An exact copy of all the lines below is required, with every image left out.

Data segment

%%

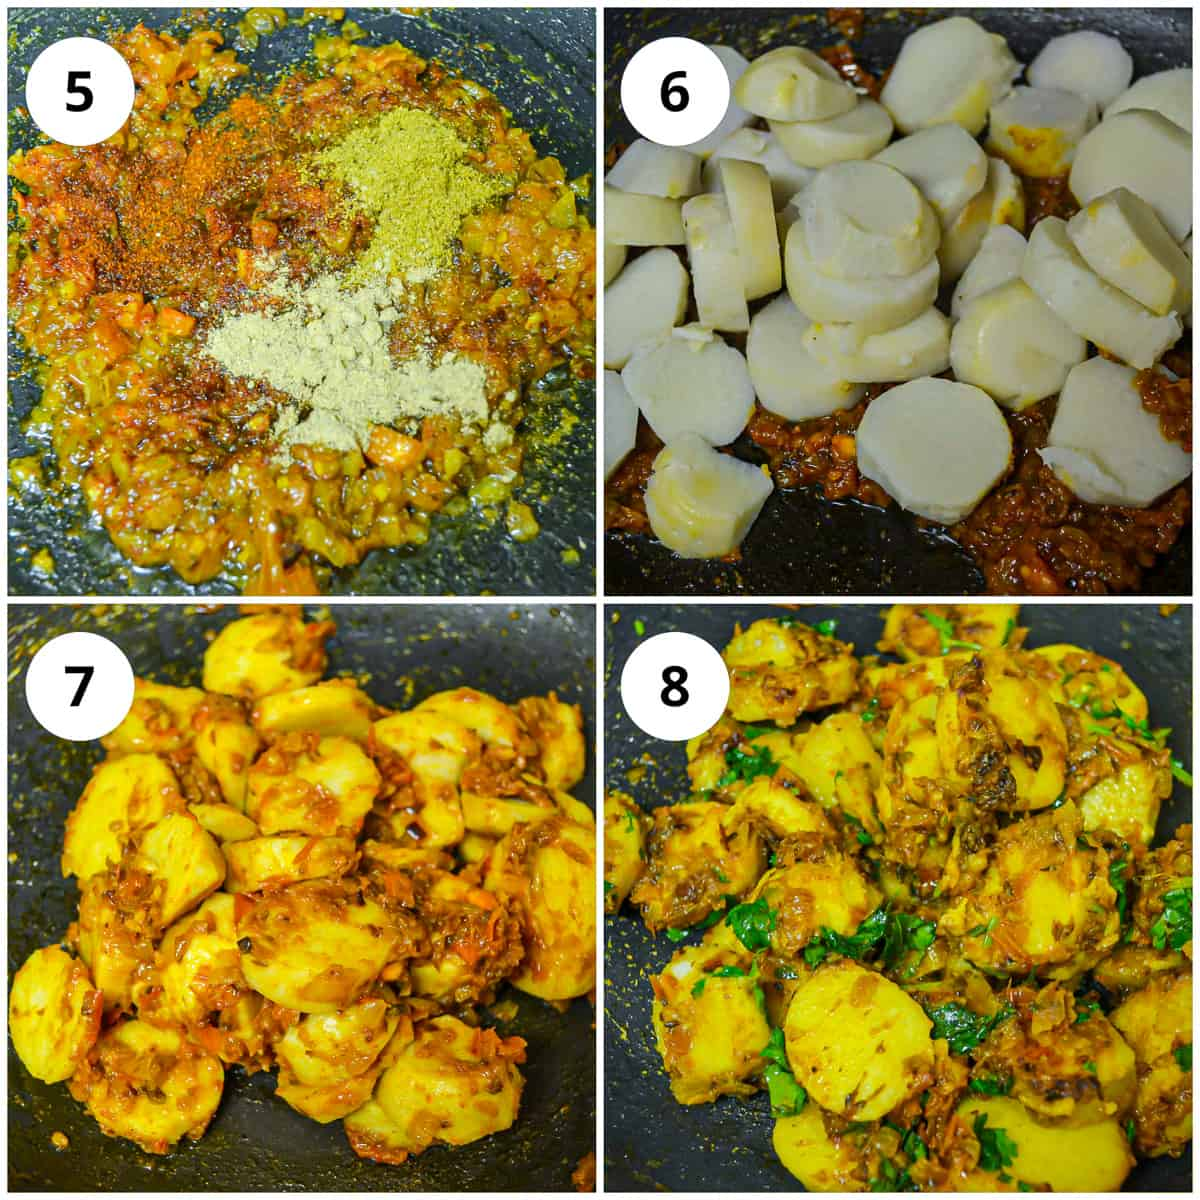 step by step photos to show how to make the arbi ki sabzi
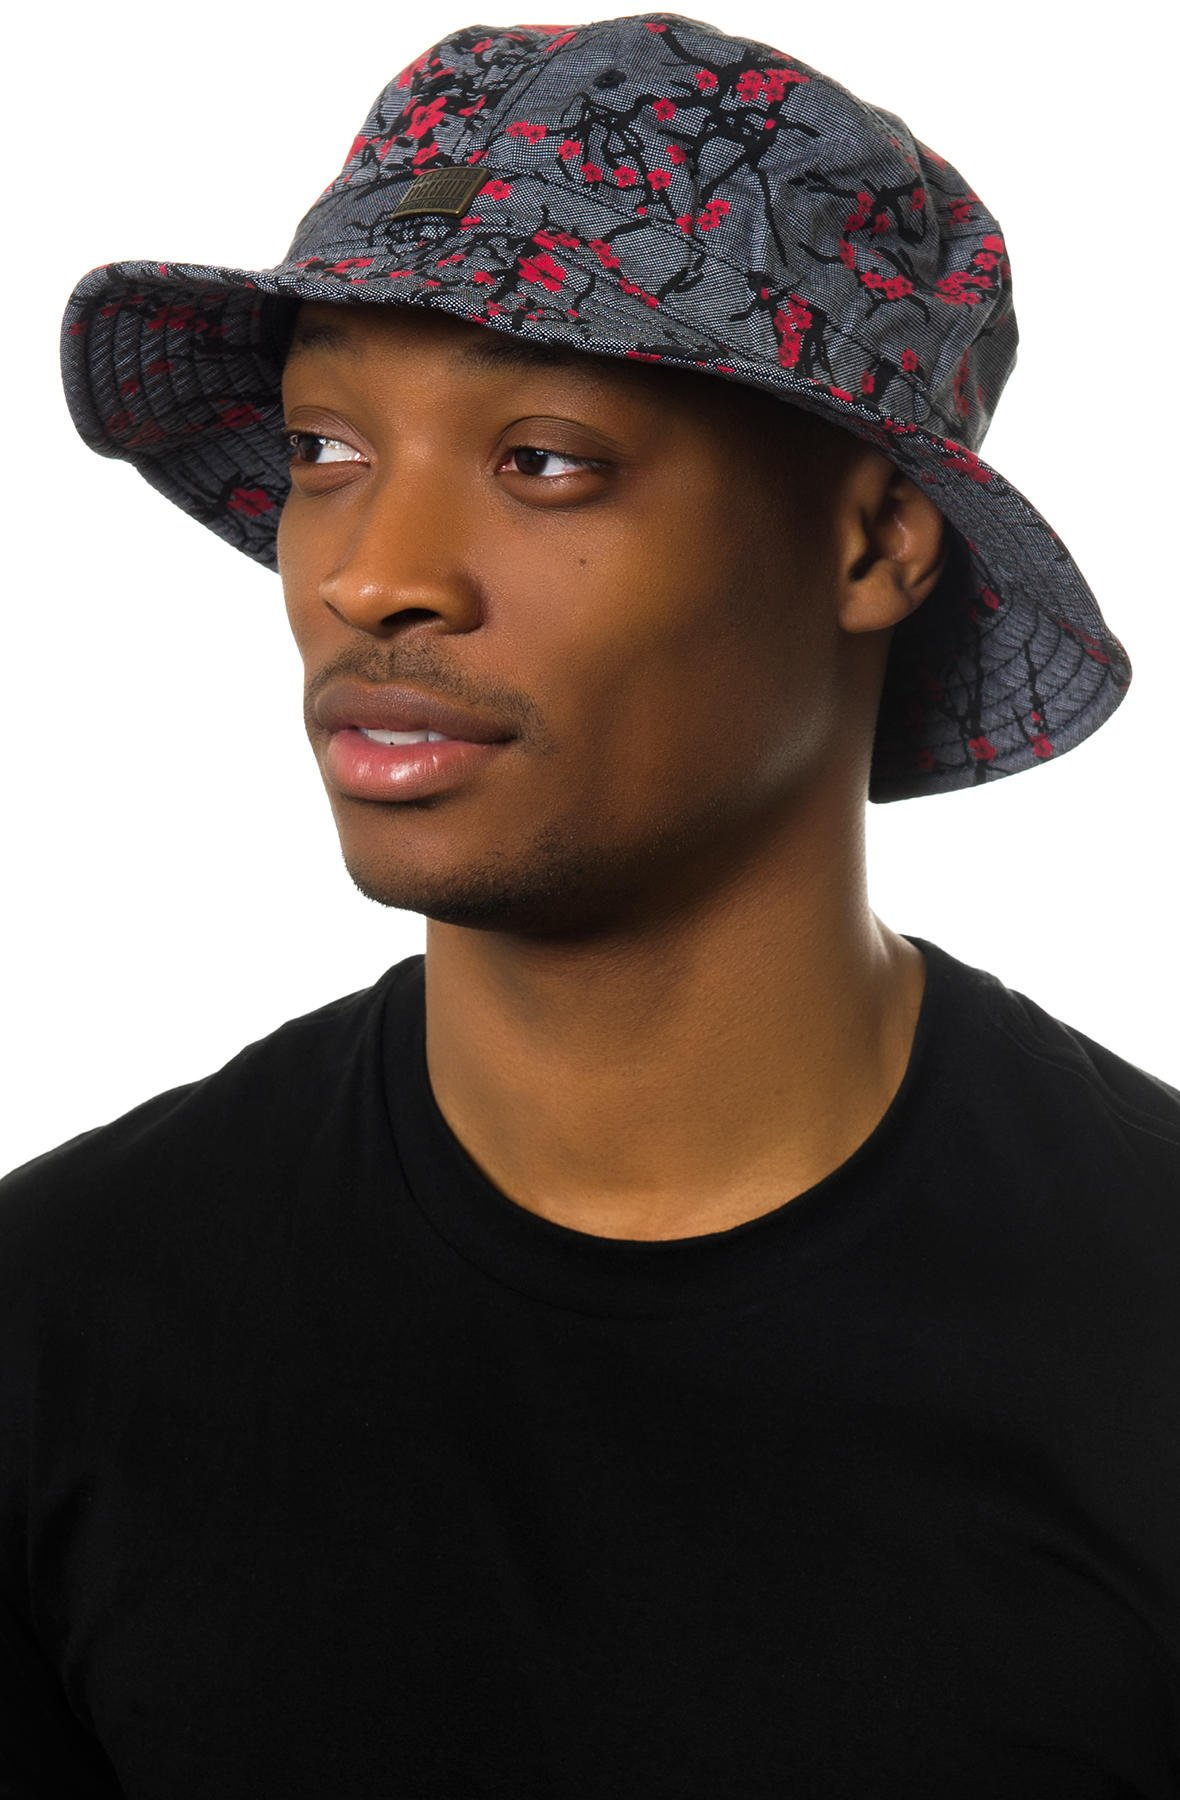 Floralby Creative Japanese Print Bucket Hat Men Women Foldable Sun Hat Outdoor Cap UV Protection
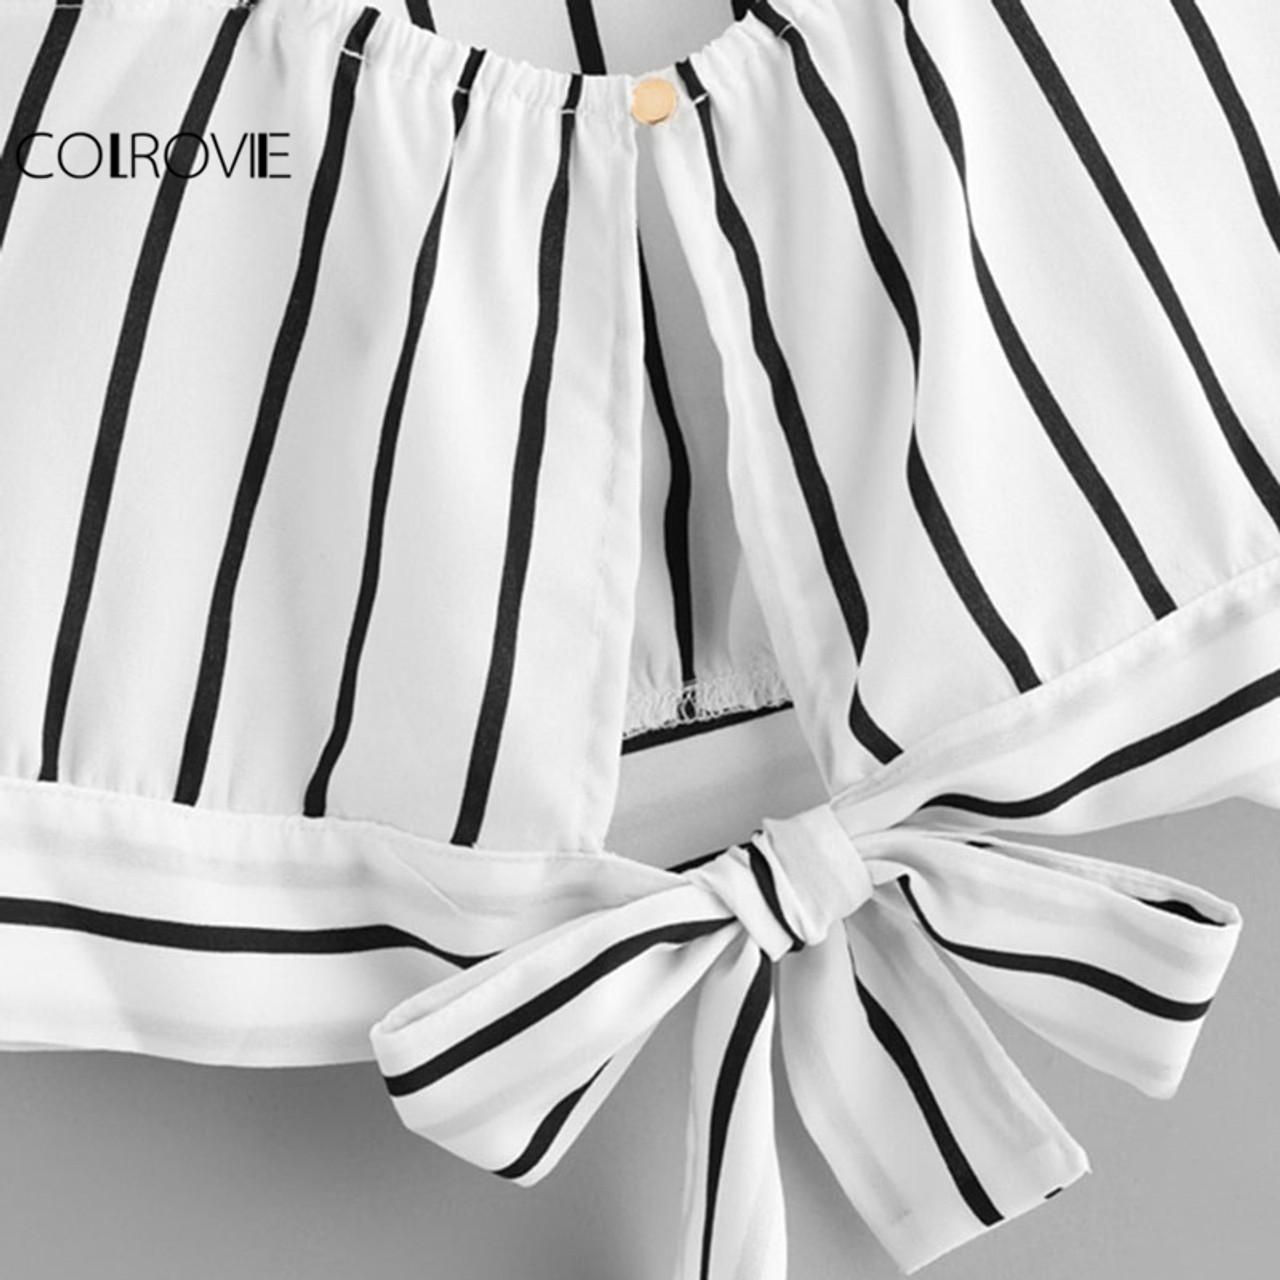 f0497406cda26 ... COLROVIE Striped Split Tie Back Crop Cami Top Women Casual Spaghetti  Strap Bow Top Vest 2018 ...
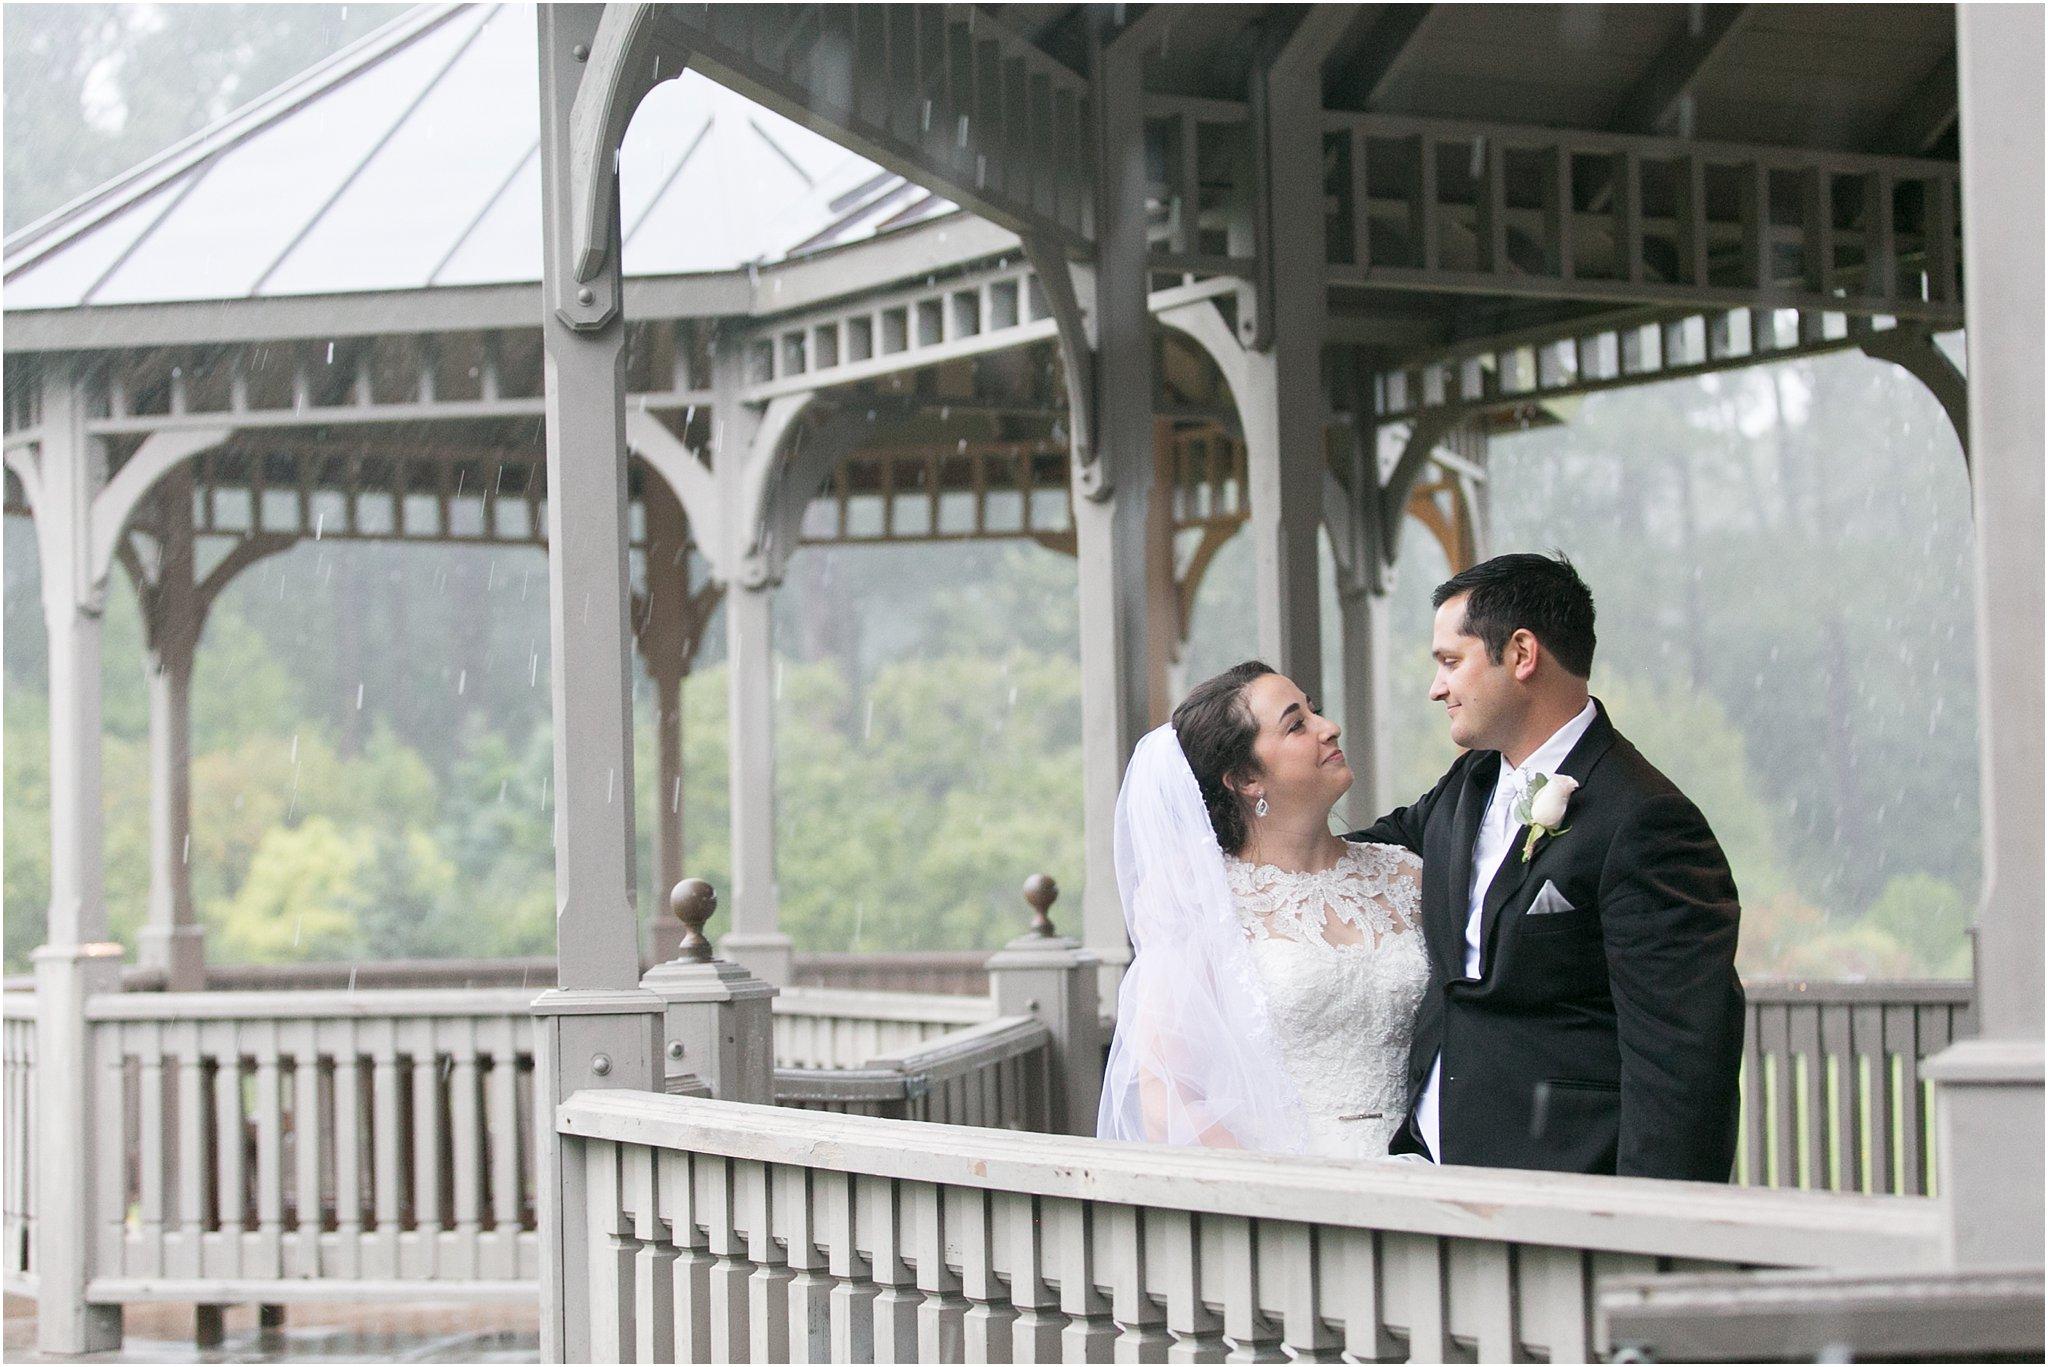 jessica_ryan_photography_virginia_wedding_photographer_wedding_hurricane_norfolk_botanical_gardens_hurricane_matthew_wedding_3567

%%

Your response
 step by step photos to show how to make the arbi ki sabzi
 Floralby Creative Japanese Print Bucket Hat Men Women Foldable Sun Hat Outdoor Cap UV Protection
 f0497406cda26 ... COLROVIE Striped Split Tie Back Crop Cami Top Women Casual Spaghetti  Strap Bow Top Vest 2018 ...
 jessica_ryan_photography_virginia_wedding_photographer_wedding_hurricane_norfolk_botanical_gardens_hurricane_matthew_wedding_3567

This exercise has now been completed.